Geoffrey Gowlland
- Full name: Geoffrey Cathcart Gowlland
- Date of birth: 27 May 1885
- Place of birth: Middlesex, England
- Date of death: 9 October 1980 (aged 95)
- Place of death: Yeovil, Somerset, England
- School: Fettes College
- Occupation(s): Army officer

Rugby union career
- Position(s): Forward

International career
- Years: Team / Apps / (Points)
- 1908–10: Scotland / 7 / (3)

= Geoffrey Gowlland =

Brigadier Geoffrey Cathcart Gowlland (27 May 1885 — 9 October 1980) was a British Army officer and Scotland international rugby union player.

Born in Middlesex, Gowlland was educated at Edinburgh's Fettes College. He played much of his rugby in the army and also competed with London Scottish. A forward, Gowlland gained seven caps for Scotland between 1908 and 1910.

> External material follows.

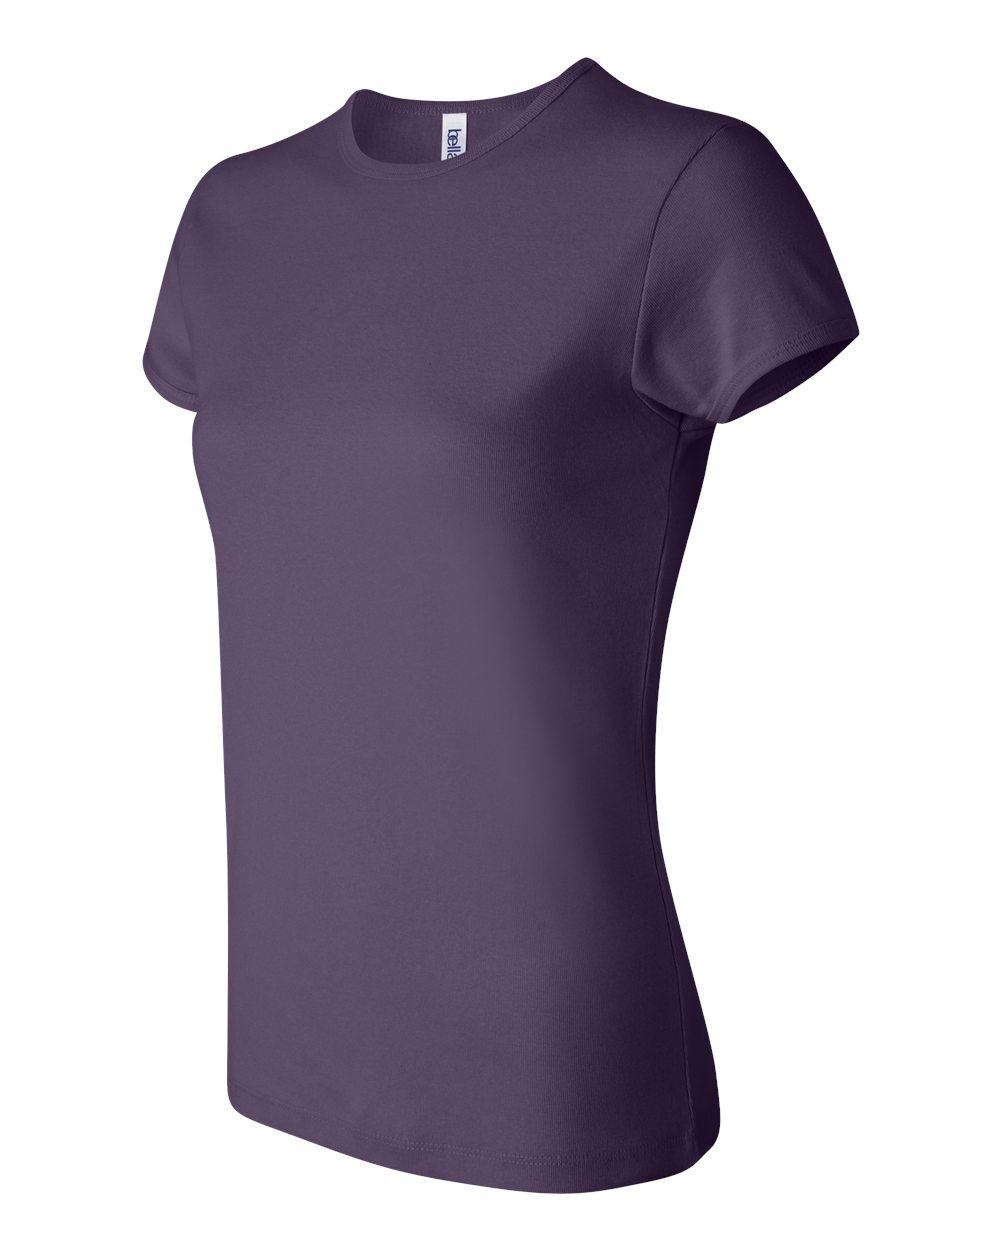 Bella 1001 Purple
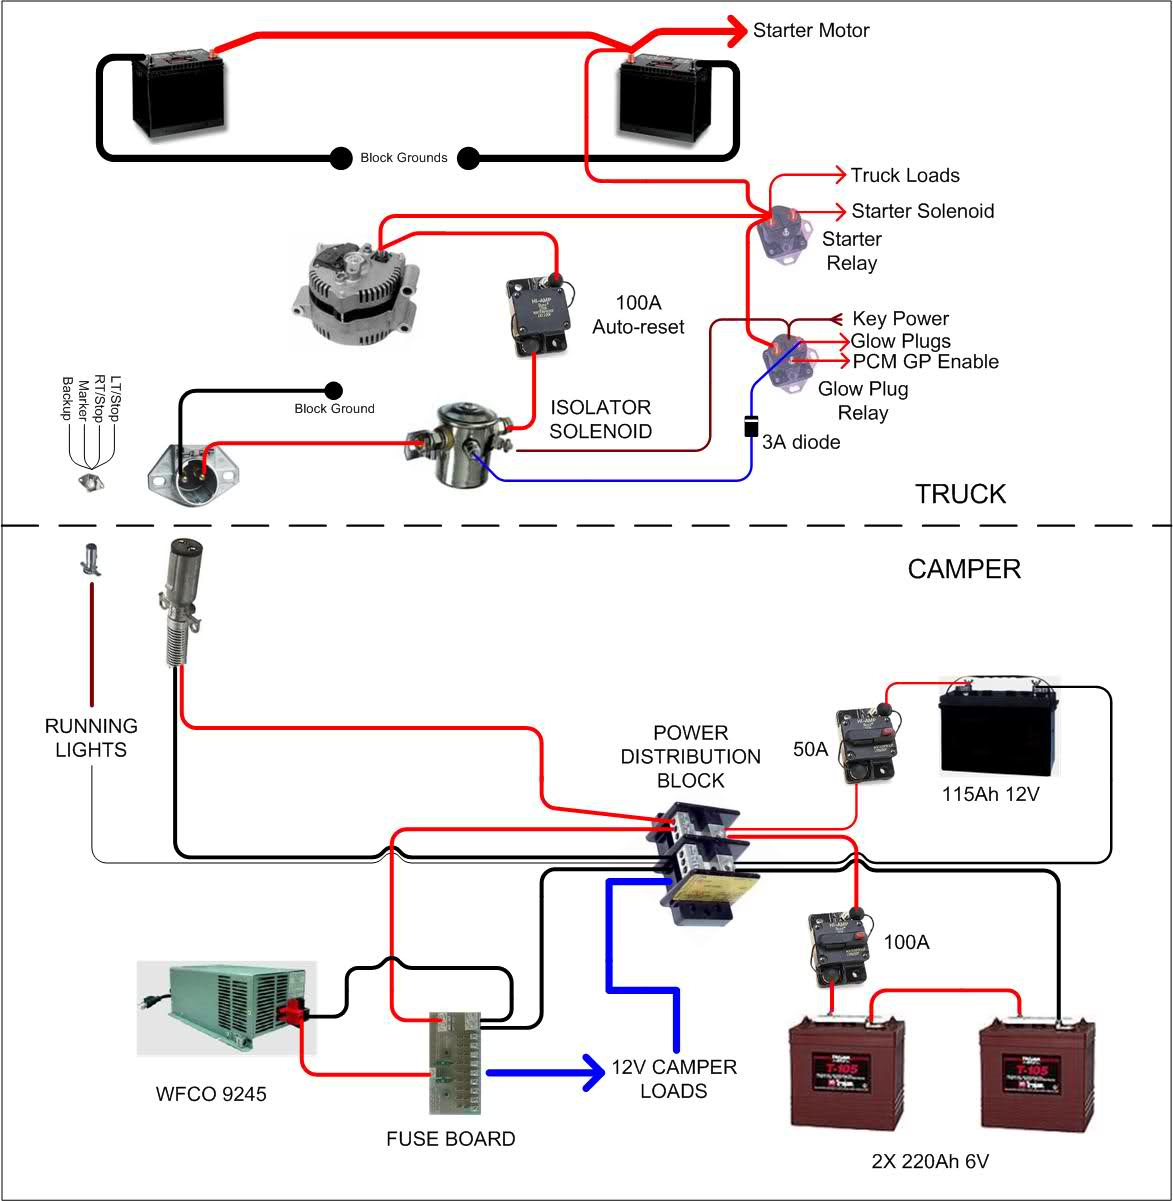 Travel Trailer Converter Wiring Diagram | Wiring Diagram - Travel Trailer Wiring Diagram

Gowlland was deployed to France with the 2nd Infantry Division, BEF in World War I and was the only officer in his company to survive the First Battle of Ypres, but suffered severe injuries. He was awarded the Order of the Nile for later wartime service in Egypt, then rose up the ranks during the 1920s, at the end of which he was chief engineer in Iraq. Appointed a lieutenant-colonel in 1930, Gowlland was for a period the staff officer to the chief engineer at Aldershot. He served as chief engineer of the British Troops in China from 1937 until his retirement in 1940 and was granted honorary rank of brigadier.